The Winter I Couldn’t Lift My Camera
This is not how I expected 2026 would start out.
I can count on two hands the number of times I’ve picked up my camera since January. I think I’ve taken maybe twenty photographs. And it’s not because I’ve not wanted to. It’s because I haven’t been able to.
Last October I fell while rollerblading with my dog, and at the time I thought I was OK. I kept shooting and editing, and didn’t think anything of it.
Until the first week of January when my entire right shoulder gave out. Why, did it have to be the right one?!
What started as stiffness turned into all-consuming pain.
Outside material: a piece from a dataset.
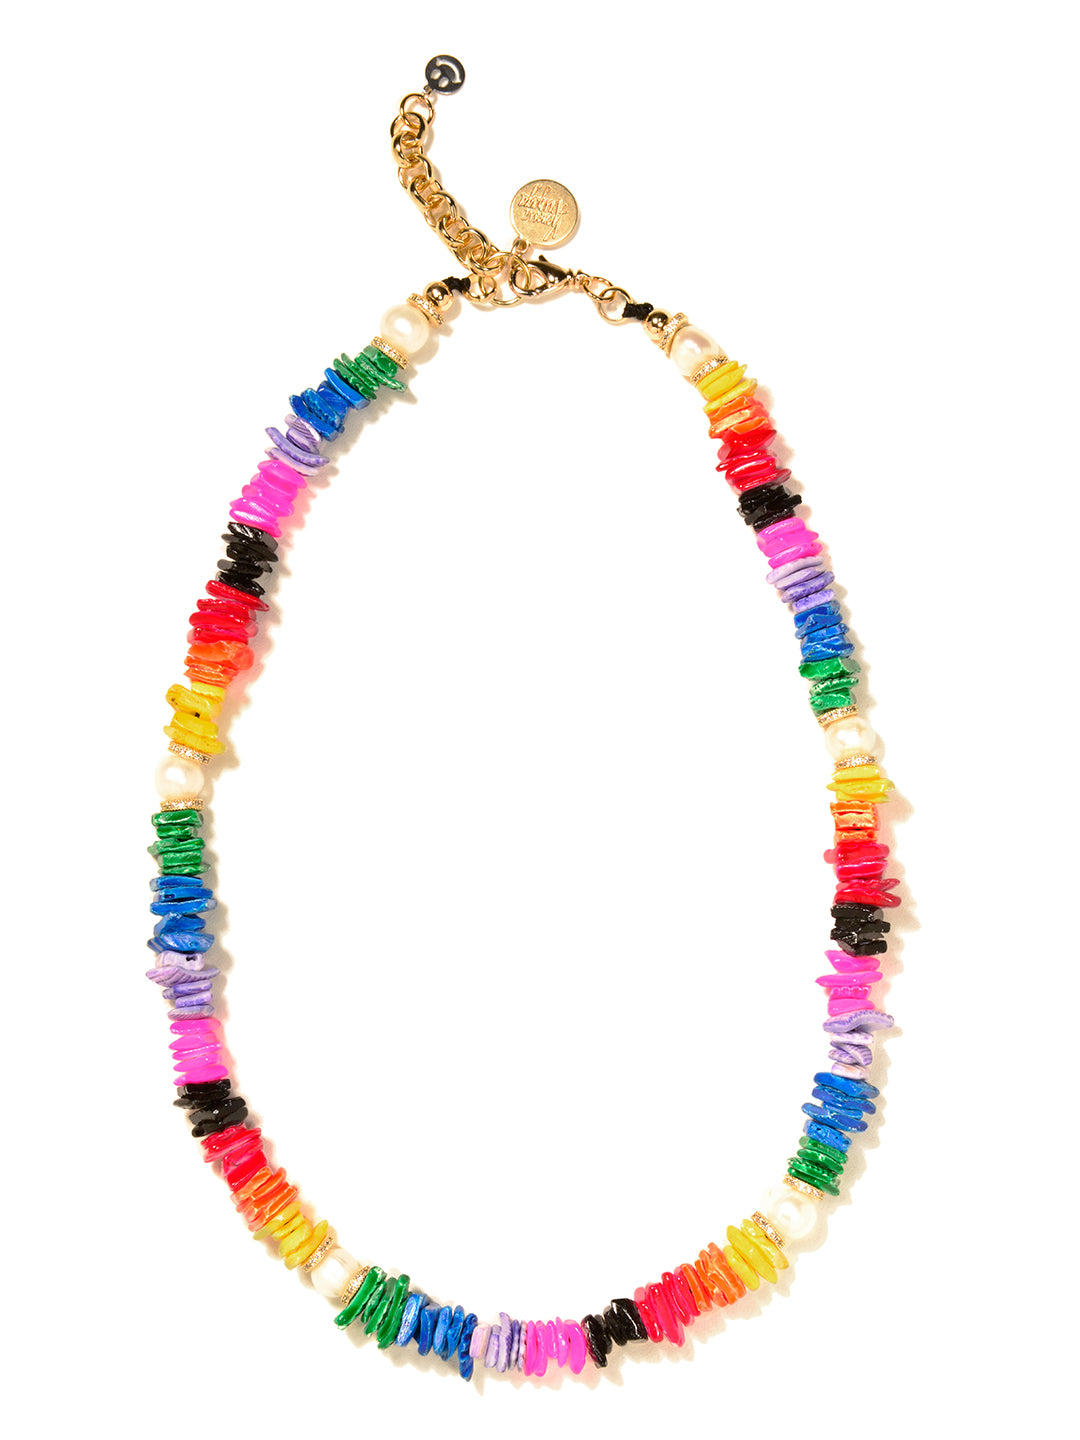 Neon Puka Shell Chip Necklace Yellow Orange Colorful Beach Ocean Jewelry  17” | eBay

And suddenly everything that was extra in life stopped so I could focus only on what was necessary for family and physio. (*Shout out to my amazing physiotherapist Caitlin Price who has kept me above water.)
Even typing this email today, more than two months later, still hurts.
It has not been a good winter. It’s been still and uncreative and mostly it has felt cruel.
While beautiful moments came and went, I couldn’t lift my camera without sharp stabs and spasms.
All my best laid plans to launch new projects, take on new shoots, say yes to everything, have not come to fruition - yet.
For someone whose work and identity are so intertwined with documenting life, this stillness feels loud. It feels like self doubt. It feels like backpedaling. It feels like regression.
It’s a strange thing — wanting so deeply to do the thing - to produce - but not being physically able to do it.
There’s a particular frustration that comes with having ideas constantly percolating while your body says nope you can’t do that right now.
And patience is not my strength.
There’s also grief in this season. I’m angry for lost time. For postponed plans.
And yet, as I am slowly coming out of this forced slow down I do think that great things are on the horizon.
I’m noticing how tightly I cling to productivity as a measure of worth. I’m confronting how uncomfortable it is to rest without a tangible output. I’m learning — again — that seasons of stillness are part of the creative cycle, even when they arrive uninvited.
The ideas are still there. The vision hasn’t disappeared. If anything, it feels like it’s quietly pruning itself, waiting for the time when my body can catch up.
So for now, I’m here — admiring the greats of McCurry, Leibovitz and Salgado - with no new images of my own to show for this lost time.
This wasn’t the start to the year I planned. But since when does life ever go perfectly according to plan?